Rather than mess with all of the chemicals, I think the most important thing to do is just to keep up with water changes. Ideally, when cycling with fish, you don't want the ammonia levels to get above 0.5ppm (0.25 is even better). If you're at 4.0ppm I would starting doing water changes as soon as possible, measuring ammonia levels after each change.

Practically none of your beneficial bacteria live in the water column itself. Most of them live on the surfaces in your tank, including substrate, decor and especially in your filter. A while back we had some discussion as to whether or not water changes during the cycle (intended to reduce ammonia concentrations) would, theoretically, anyway, have any impact on bacteria growth rates. Suffice it to say we were divided on the issue, but in the end it was pretty much a moot point when it came to cycling with fish. You'd rather have your fish survive than have your tank cycled a bit sooner, correct?
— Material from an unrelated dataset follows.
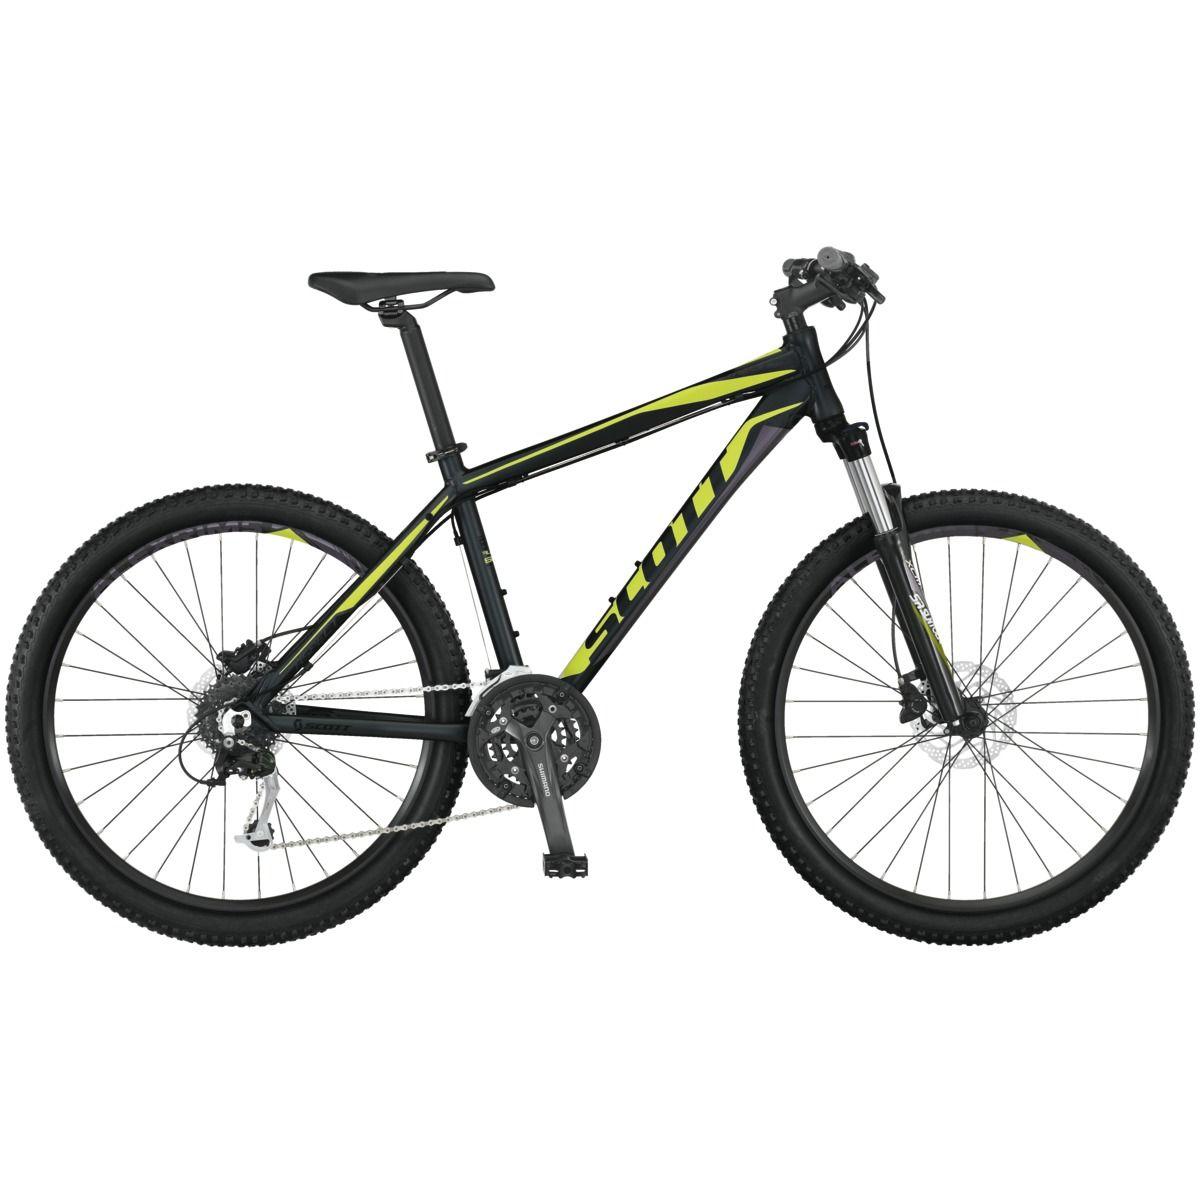 Scott Peak 640 Euro Hardtail Mountain Bike Limited Number Of

If that's the case, then you definitely want to be doing those water changes, even if there's a possibility that doing so will lengthen the duration of your cycle.


----------



## HollyinWA (Dec 29, 2009)

iamntbatman said:


> Rather than mess with all of the chemicals, I think the most important thing to do is just to keep up with water changes. Ideally, when cycling with fish, you don't want the ammonia levels to get above 0.5ppm (0.25 is even better). If you're at 4.0ppm I would starting doing water changes as soon as possible, measuring ammonia levels after each change.
> 
> Practically none of your beneficial bacteria live in the water column itself. Most of them live on the surfaces in your tank, including substrate, decor and especially in your filter. A while back we had some discussion as to whether or not water changes during the cycle (intended to reduce ammonia concentrations) would, theoretically, anyway, have any impact on bacteria growth rates. Suffice it to say we were divided on the issue, but in the end it was pretty much a moot point when it came to cycling with fish. You'd rather have your fish survive than have your tank cycled a bit sooner, correct? If that's the case, then you definitely want to be doing those water changes, even if there's a possibility that doing so will lengthen the duration of your cycle.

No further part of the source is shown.